Forgoing race, embracing culture

Acknowledging the importance of culture in a racialized society

Micah Lim, Staff Writer

Illustration by Sharli Mishra

Surrounded by faces just like mine, I found a tight knit group of people connected through Korean culture, language, tradition, and heritage at Seattle Community, one of the largest Korean churches in Washington. Across the U.S., Asian Americans often struggle with finding a place to call home, so places such as Seattle Community provide a space of familiarity and cultural acceptance.

At first, I thought that these were my people because I belonged to this certain race of people, but the more I searched for community there, the more I realized I did not have it.

It’s more realistic to say that I’m American, not Korean. Although I still partake in certain cultural traditions, it’s only a small part of who I am. The language I speak, the media I consume and the lifestyle I live makes me inherently American. Quite mistakenly, I thought I’d find identity through my perceived race. I realize now that race is not about how I see myself, it’s about how others see me.

In the United States, there is an instinct to racialize people, politics, and religion without much consideration beyond skin color. Not to be confused with ethnicity, race is grouping together based on physical and social traits; it’s a concept.

It was only during the 16th century that the term “race” first entered the English language. From the age of exploration to the colonization of America, race was first used to generalize observable characteristics for people of different nations, mostly for the purpose of discrimination.

Stereotypical labels of black and white have lost their significance over the course of history because of their sweeping assumptions, but even the contemporary U.S. model of race is showing signs of guesswork.

Hypodescent is the automatic assignment of the children of parents from different groups into the subordinate group. Historically, this persisted as a way to segregate mixed race children as simply Black during the Jim Crow era, but still today the convention persists to imply that someone of mixed race is Black when genealogically, they are just as warranted to be seen as “White”.

It was only in the 2000 U.S. census that “mixed race” was finally added. This was a huge progressive step for acknowledging racial identity, but the term ‘mixed race’ is still ambiguous for identifying any specific ‘race’. Without proper terminology other than slang, vagueness in racial categorization runs the risk of possible hypodescent.

I’m not trying to say that race isn’t important or that colorblindness is a good thing.

Understanding how people perceive race is crucial for dismantling racism and white supremacy on an institutional and cultural level. Even for the global pandemic, it is necessary to discuss how the U.S. healthcare system has failed racial minorities so that equitable vaccine distribution and building trust is possible. Nonetheless, race is still a concept and although it’s okay to appropriately generalize circumstance, not everyone lives by it.

Compared to the race we see, culture is the richness of how different people live, think, speak, and dance. Compare someone from Seattle to someone in New York. Their life circumstances end up placing them in two entirely different worlds, not because of complexion or heritage, but because of culture. While race often implies sectionality and division, culture is a much deeper mesh of differences that inclines people to share and learn.

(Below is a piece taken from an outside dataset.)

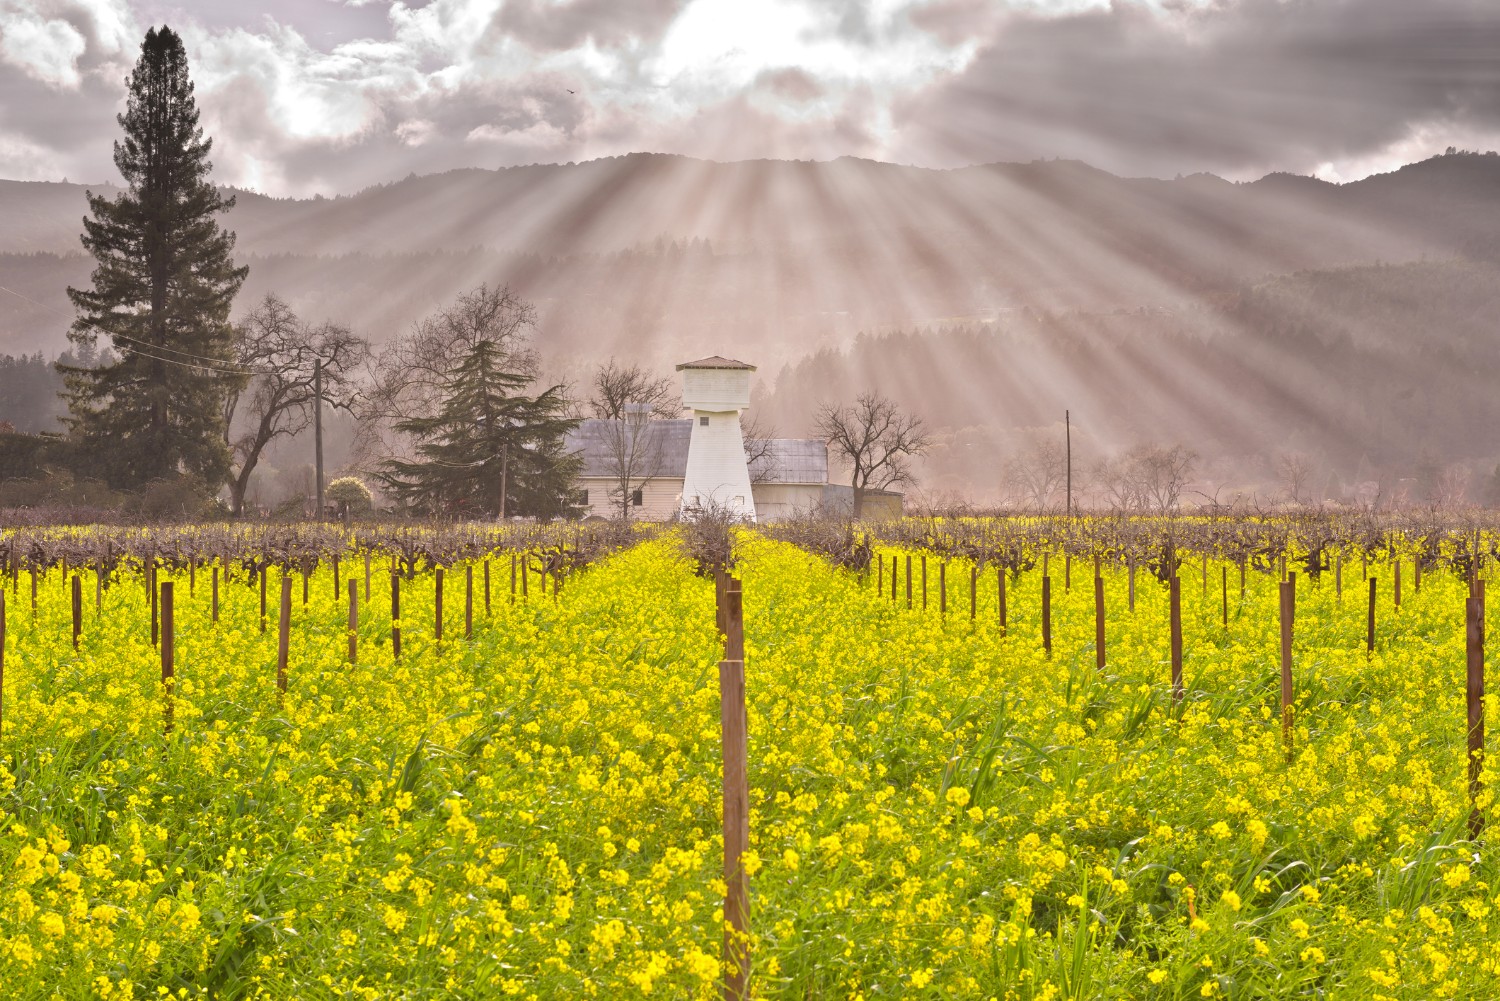 Napa Valley vineyards and mustard yellow flowers beneath a beautiful light pouring from the sky

It’s why people travel and explore, to experience different lifestyles, cuisines, and languages.

By the year 2045, 50% of the United States population is expected to be “majority-minority,” and with the rise of racial diversity, multiculturalism will expand and develop along with it. I believe that blurring our current definition of race will help people recognize that there is more than meets the eye.

With my first year at SPU coming to a close, friends who have become “my people” share almost no resemblance to what I look like or where I come from. But through differences, we’ve created a culture of our own. I still love being American and I love being Korean, but that’s probably because I love being me.

Race is not how I see myself, but it is how others see me.